Nous Research, a private applied research group recognized for its contributions to the large language model (LLM) field, has introduced a new vision-language model called Nous Hermes 2 Vision, available on Hugging Face.
This open-source model builds on the earlier OpenHermes-2.5-Mistral-7B and extends its capabilities by allowing users to input images and extract text information from visual content. However, shortly after its launch, users reported excessive hallucination issues, prompting the company to rebrand the project as Hermes 2 Vision Alpha. A more stable version with fewer glitches is expected soon.
Nous Hermes 2 Vision Alpha
Named after the Greek messenger of the gods, Hermes, this vision model is crafted to navigate the complexities of human discourse with remarkable precision. It integrates the visual data provided by users with its learned knowledge, enabling it to deliver detailed, natural language responses. For example, the co-founder of Nous, known as Teknium on X, shared a screenshot demonstrating the model's ability to analyze an image of a burger, assessing its health implications.
Distinct Features of Nous Hermes 2 Vision
While ChatGPT, grounded in GPT-4V, also supports image prompting, Nous Hermes 2 Vision sets itself apart with two primary enhancements:
1. Lightweight Architecture: Instead of relying on traditional 3B vision encoders, Nous Hermes 2 Vision employs SigLIP-400M. This not only simplifies the model's architecture, making it lighter, but also enhances performance on vision-language tasks.
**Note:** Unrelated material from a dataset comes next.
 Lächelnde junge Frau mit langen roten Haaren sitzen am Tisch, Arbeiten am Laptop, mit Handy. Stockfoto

2. Function Calling Capability: The model has been trained on a custom dataset featuring function calling. Users can use a The model was also trained on additional datasets, including LVIS-INSTRUCT4V, ShareGPT4V, and dialogues from OpenHermes-2.5.
Challenges Ahead
While Nous Hermes 2 Vision is available for research and development, early feedback indicates that it still has significant issues. Following its release, co-founder Quan Nguyen acknowledged problems related to hallucinations and the model's tendency to generate excessive EOS tokens, leading to its alpha designation.
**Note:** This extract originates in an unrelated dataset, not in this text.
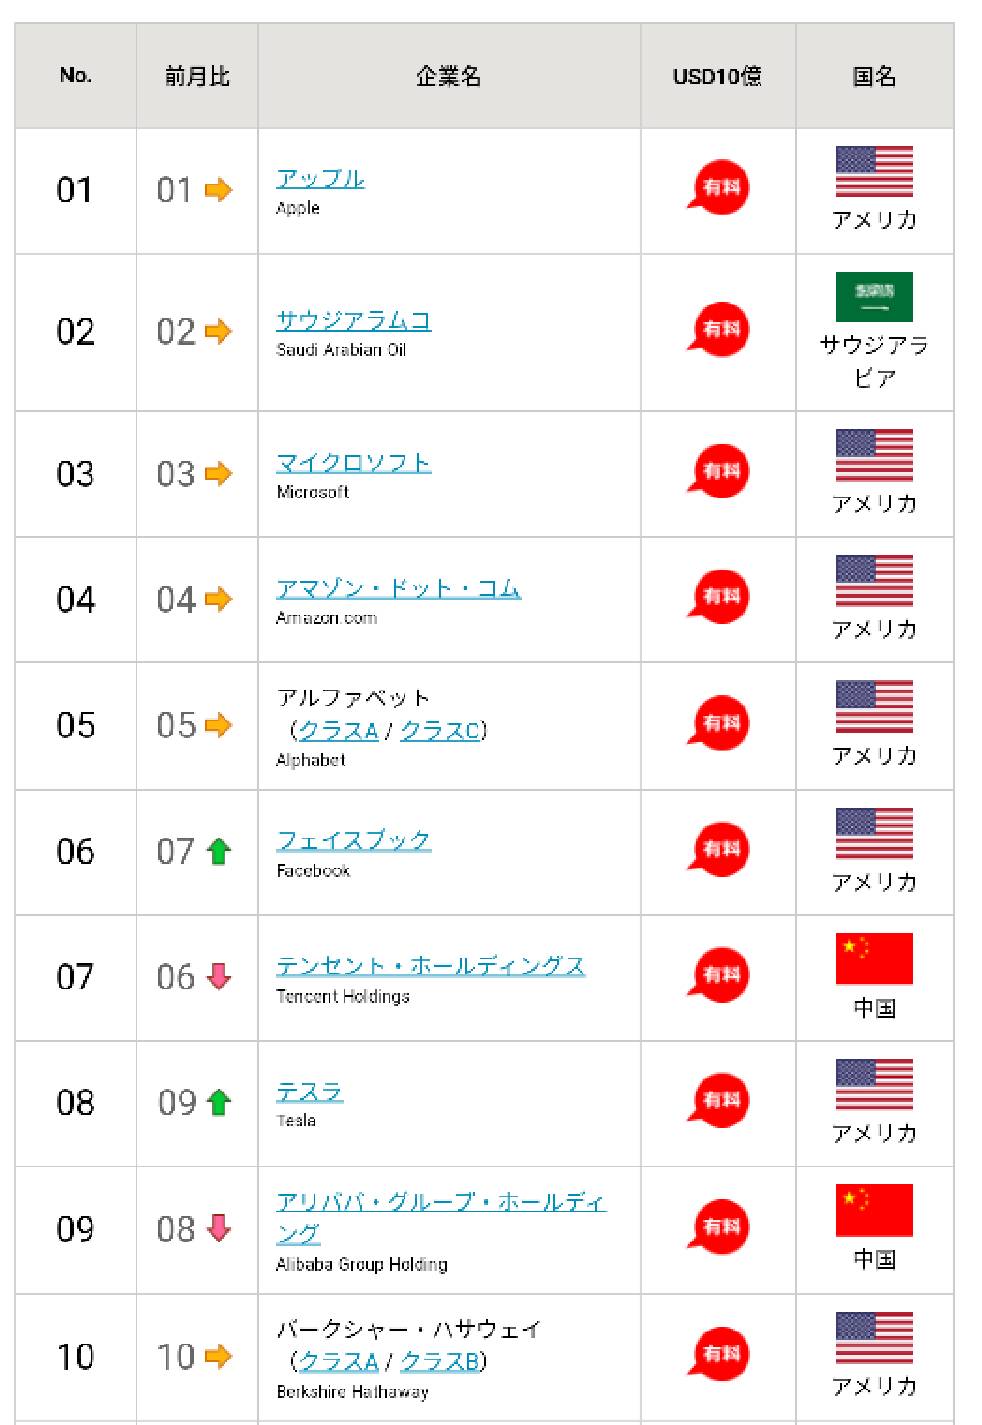 world-company-ranking

“I see people talking about ‘hallucinations,’ and yes, the situation is concerning. I was aware of this since the underlying LLM is uncensored. I plan to release an updated version by the end of the month to address these issues,” Nguyen wrote on X.
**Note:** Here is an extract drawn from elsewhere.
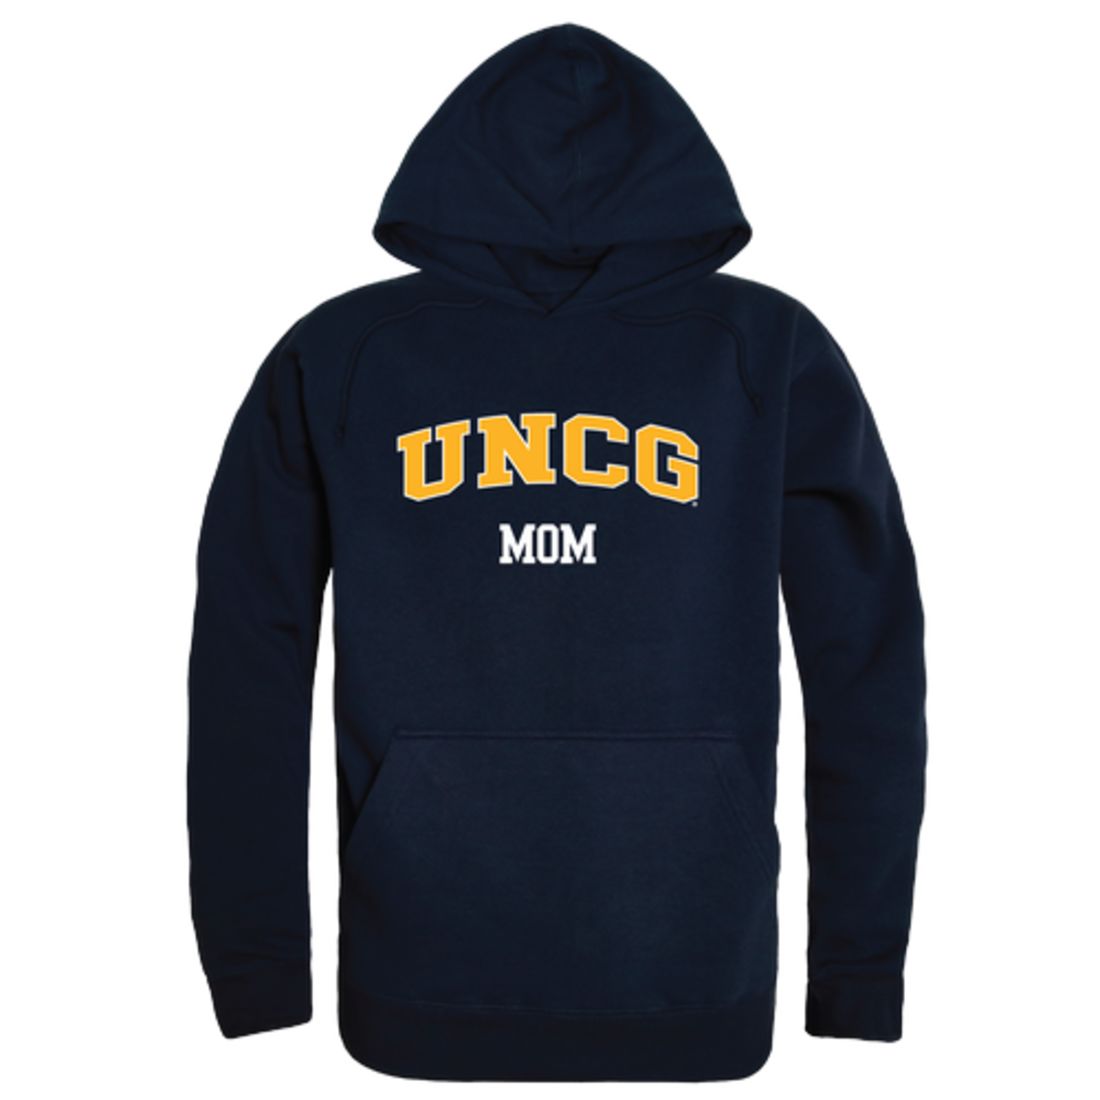 UNCG University of North Carolina at Greensboro Spartans Mom Fleece Hoodie Sweatshirts Heather Grey-Campus-Wardrobe

In response to inquiries about the model's problems, further questions remained unanswered at the time of this writing. However, Nguyen mentioned that the function calling feature performs well when users provide a clear schema and indicated that he might develop a dedicated function-calling model based on user feedback.
To date, Nous Research has released 41 open-source models within its Hermes, YaRN, Capybara, Puffin, and Obsidian series, showcasing a variety of architectures and capabilities.